Só então Cassiel visualizou a possibilidade de não ser mais a vez de Jamal. Mexeu em seu bolso e retirou o cartão dado por Kitty. O levara à biblioteca visualizando a possibilidade de precisar entrar em contato com a mulher. Mostrou-o aos outros e pediu para usar o telefone, já que esquecera o celular em casa. Teve de explicar toda a situação, de que Kitty morria em sua visão e que por algum motivo ela saíra do acidente junto com outro homem. Aquilo levou à indagações sobre quantas pessoas poderiam ter sido salvas, mas Cassiel garantiu que eram só os dois, mais ninguém. Por fim, Erika entregou seu celular e o rapaz discou o número, em seguida colocando o aparelho em viva-voz.

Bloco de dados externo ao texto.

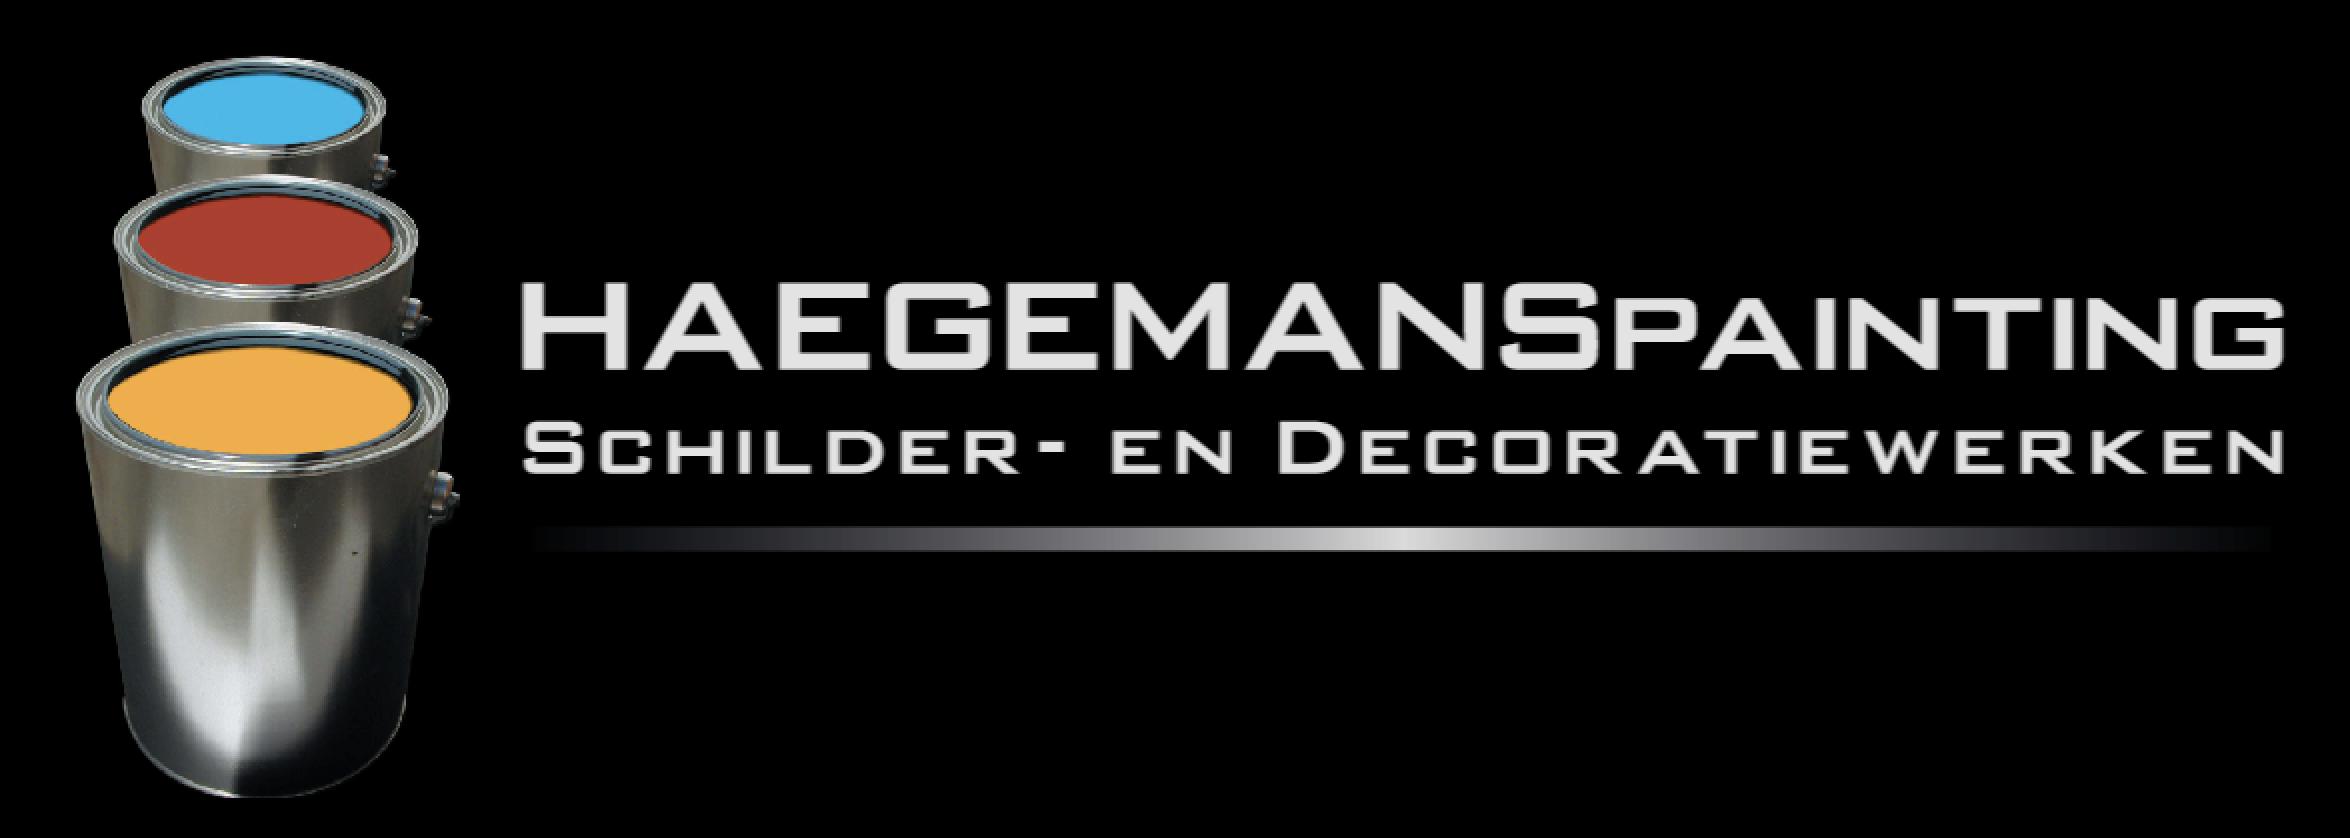 Haegemans Painint, schilder, schilderwerken, schildersbedrijf

Quem atendeu foi um homem.

— Alô? Eu gostaria de falar com a senhorita Kitty.

Quem fala?

— Eu me chamo Cassiel. Sou um amigo da Kitty.

O grupo então ouviu uns resmungos do outro lado da linha, como se o homem estivesse discutindo com alguém. Ele então bufou e falou, meio que pra ele mesmo:

Dane-se, vai estar nos jornais em poucas horas mesmo. A Kitty faleceu ontem a noite, durante uma missão.

Crystal não conseguiu evitar soltar um gritinho. Marissa observou que Jamal estava tirando os fones de ouvido, de modo que ela correu até ele e o levou até a cozinha para comer alguma coisa. Cassiel perguntou:

— E o parceiro dela? Você pode me passar o número dele?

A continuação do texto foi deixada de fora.